Figure 4. Semarang's electrical load
Figure 5. Average monthly temperature
Figure 6. Average monthly wind speed
Figure 7. Average stream flow per month (L/s)
Figure 8. Monthly average radiation intensity
Through Design Homer Pro's Resources tool, you may get information on solar radiation, wind speed, water flow velocity, and ambient temperature in the South Semarang location that was derived from NASA Predictions of Worldwide Energy Resources. Monthly averages for global radiation during a 22-year period, average air temperature over a 30-year period, and average wind speeds at 50 meters above Earth's surface are provided by this feature [30]. The average temperature in the southern Semarang residential area is depicted in Figure 5. The average yearly temperature in this area is 24.82℃. October saw the greatest temperature of 26.01°C, while July saw the lowest temperature of 23.89℃. The wind speed in this residential area is shown in Figure 6. Wind speed on average is 4.22 m/s per year. The windiest month was August with 3.72 m/s, while the highest, 4.88 m/s, was recorded in December.

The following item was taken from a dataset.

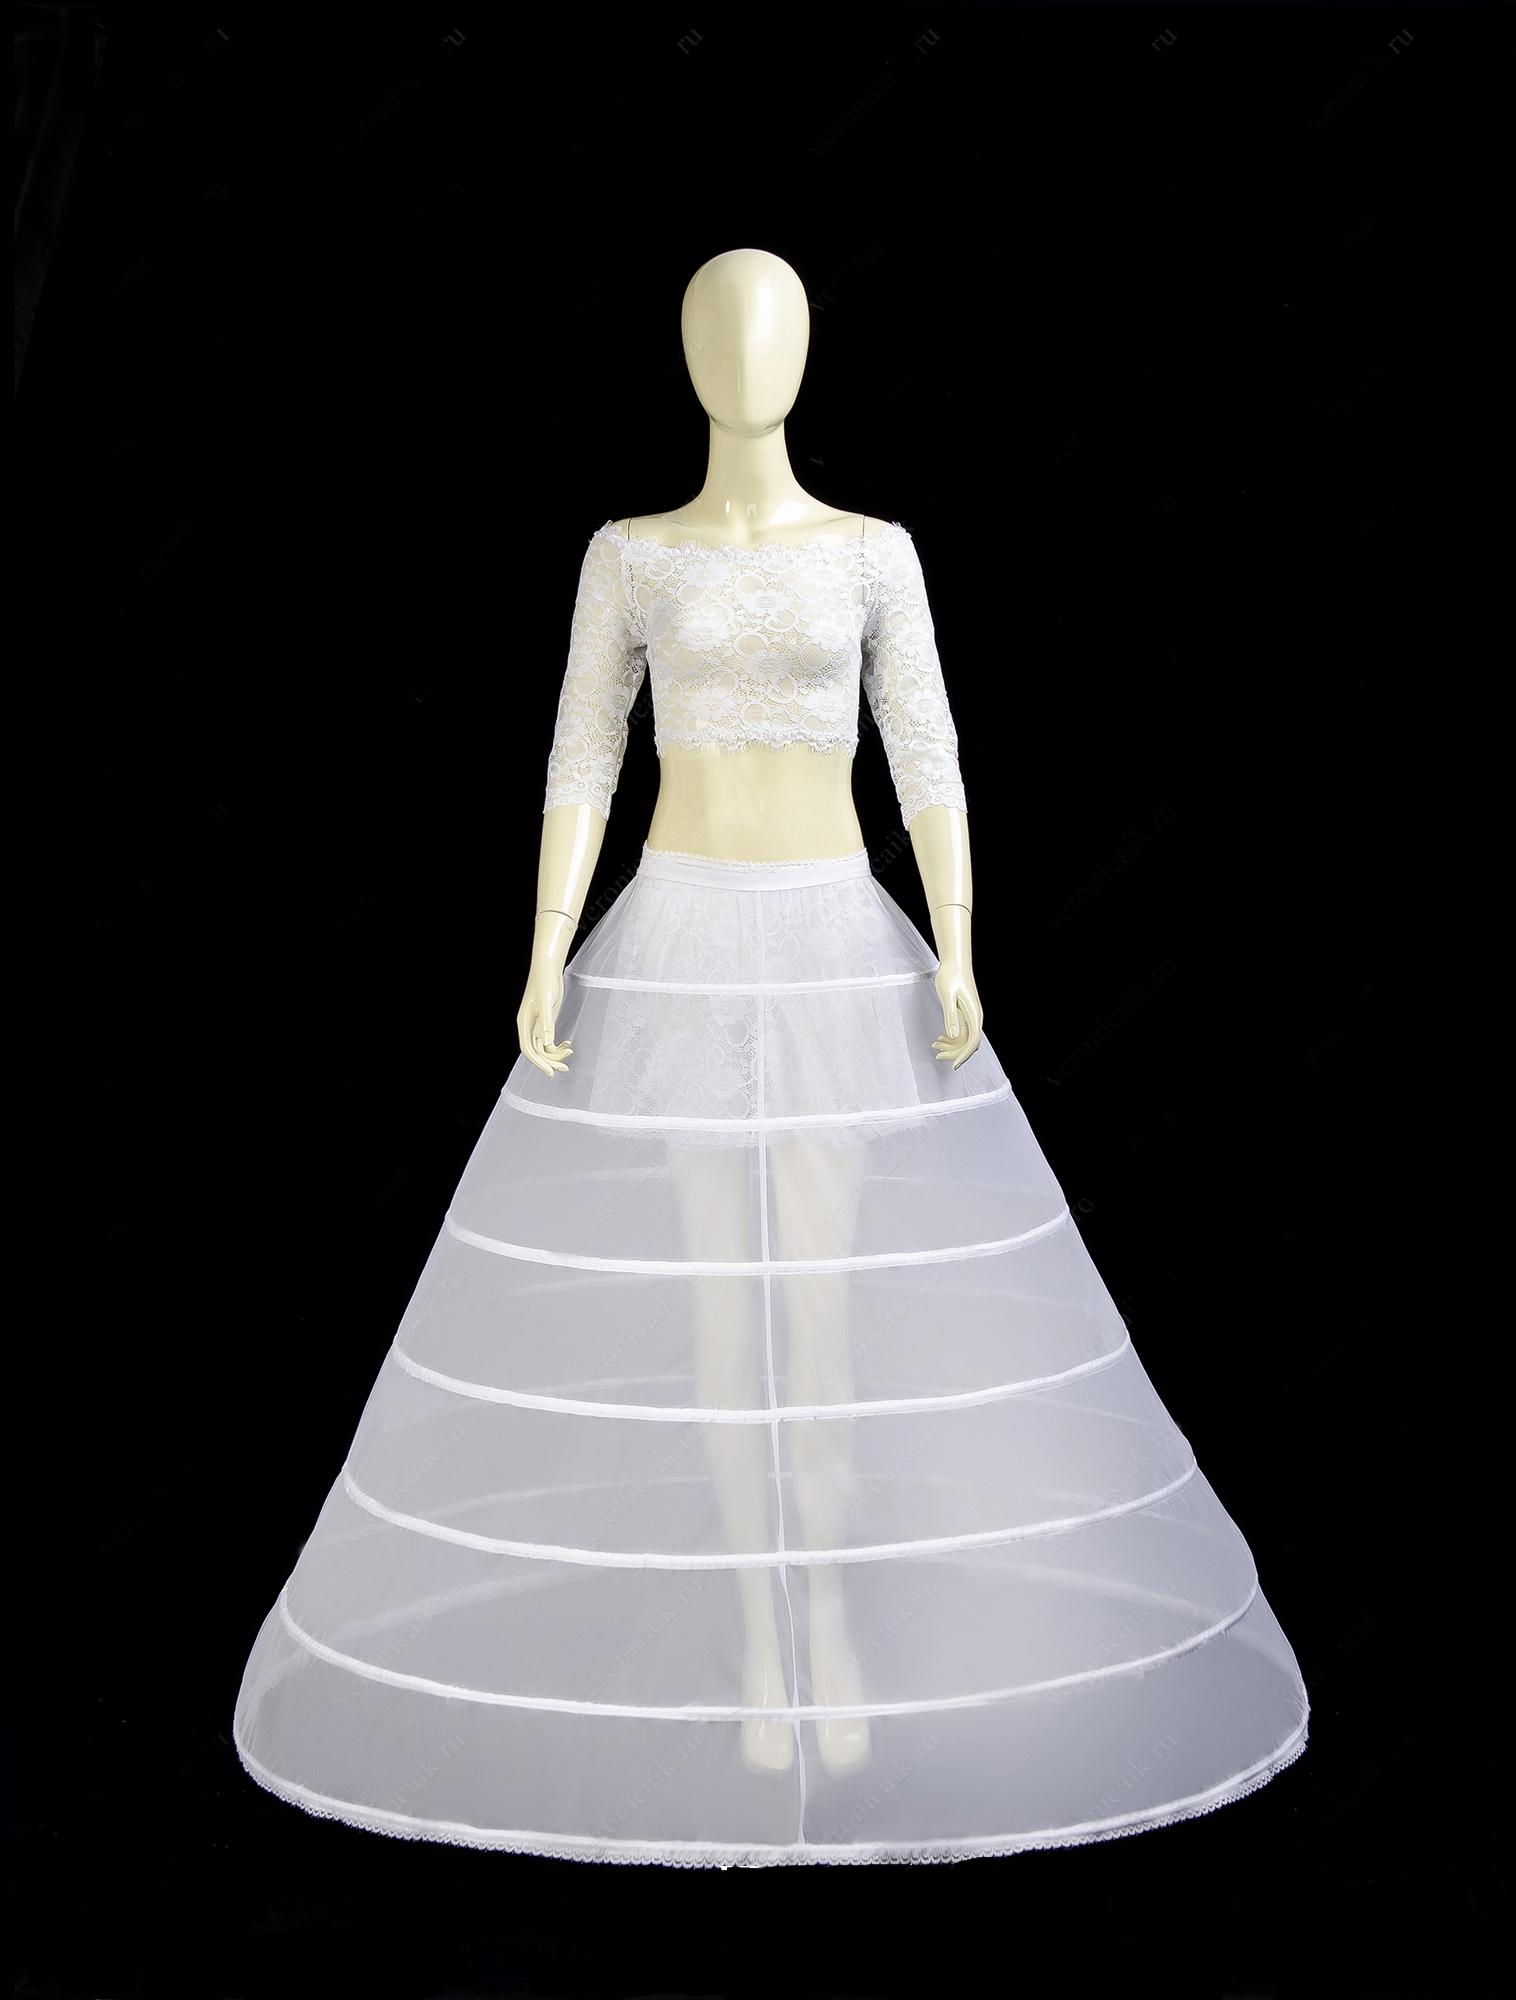 где купить подъюбник с кольцами для свадебного платья

The water flow velocity in this location, with an annual average of 173.33 (L/s), is depicted in Figure 7. Meanwhile, Semarang's average solar radiation is seen in Figure 8. The sun radiation average per year is 4.80 kWh/m2/day. On September 5, the radiation level was at its peak.
2.3 Techno-economic analysis
The HOMER application's simulation results yield economic analysis. The cost of capital owned (IDR), the cost of replacing components (IDR), and the cost of operation and maintenance (IDR/year) all go into the price of a PV series. In the HOMER simulation process, economic value is crucial since it determines the system configuration with the lowest Net Present Cost (NPC) through operational procedure. The following formula is used by HOMER to determine this [31]:
$\mathrm{CNPC}=\frac{c_{ann, tot} }{ CRF.i.Rproj }$ (1)
where, Cann, tot: Total annual fees (IDR/year); CRF: Capital recovery factor; i: Interest rates; IDRproj: age/service life (years).
The remaining amount in the HES component is known as the salvage value. This had a big impact when the project was finished. NPC and was computed in this way [32]:
$S C=C r \frac{L_{r e m}}{L_{com }}$ (2)
where, cr: Replacement Cost (IDR); Lrem: Remaining life of the component (years); Lcom: Component lifetime (year).
The average cost per kWh of useable electrical energy generated by the system is known as the Cost of Energy, or COE. The formula for COE is as follows [33]:
$C O E=\frac{c_{ann , tot}}{L_{prim , A C}+L_{prim , D C}}$ (3)
The AC and DC loads on the system are denoted by Lprim, AC and Lprim, DC. HOMER is capable of doing a techno-economic analysis of the system assessment by taking into account several factors related to Eqs. (1) and (3). Over a 25-year period, energy optimization and return analysis are also conducted. With up-to-date data, HOMER can perform all computations and power collecting procedures.
The findings of the techno-economic study and the optimization of solar PV combined with generators are covered in this part. First, the optimization findings are described; next, the techno-economic analysis results are briefly provided.
3.1 Electrical generation
The suggested plan is put together before running a HOMER simulation. The precise specs and pricing of the suggested hybrid PV-hydroelectric generator systems are available for every pre-specified location. As seen in Figure 9, the system linked to the main grid is made up of PV panels, micro hydrogenerators, converters, and batteries. The system optimization and techno-economic analysis results in the southern half of the Semarang residential area show that this system can work appropriately based on the environmental circumstances that have been carried out.
The power output produced by the solar panels utilized is displayed in Figure 10. With excellent results from 07.00 to 17.00 in that time zone, the average nominal power output per day in this system is 1.31 kW, with a daily production potential of up to 31.3 kWh/d. Has a 11,438 kWh yearly output. The output power simulation results for this system using the Homer program are displayed in Table 2.
Figure 9. Designed hybrid system configuration
Figure 10. Solar PV outputs
Table 2. PV output values
|
Quantity |
Value |
|
Rated Capacity |
8.11 kW |
|
Mean Output |
1.31 kW |
|
Mean Output(daily) |
31.3 kWh/d |
|
Capacity Factor |
16.1% |
|
Total Production |
11,438 kWh/yr |
The diesel system combined with PV, on the other hand, has a maximum output power of 2.09 kW and an average output power of 0.469 kW. A typical diesel generator with a capacity factor of 21.8%, as indicated in Table 3, has an annual production of Figure 11.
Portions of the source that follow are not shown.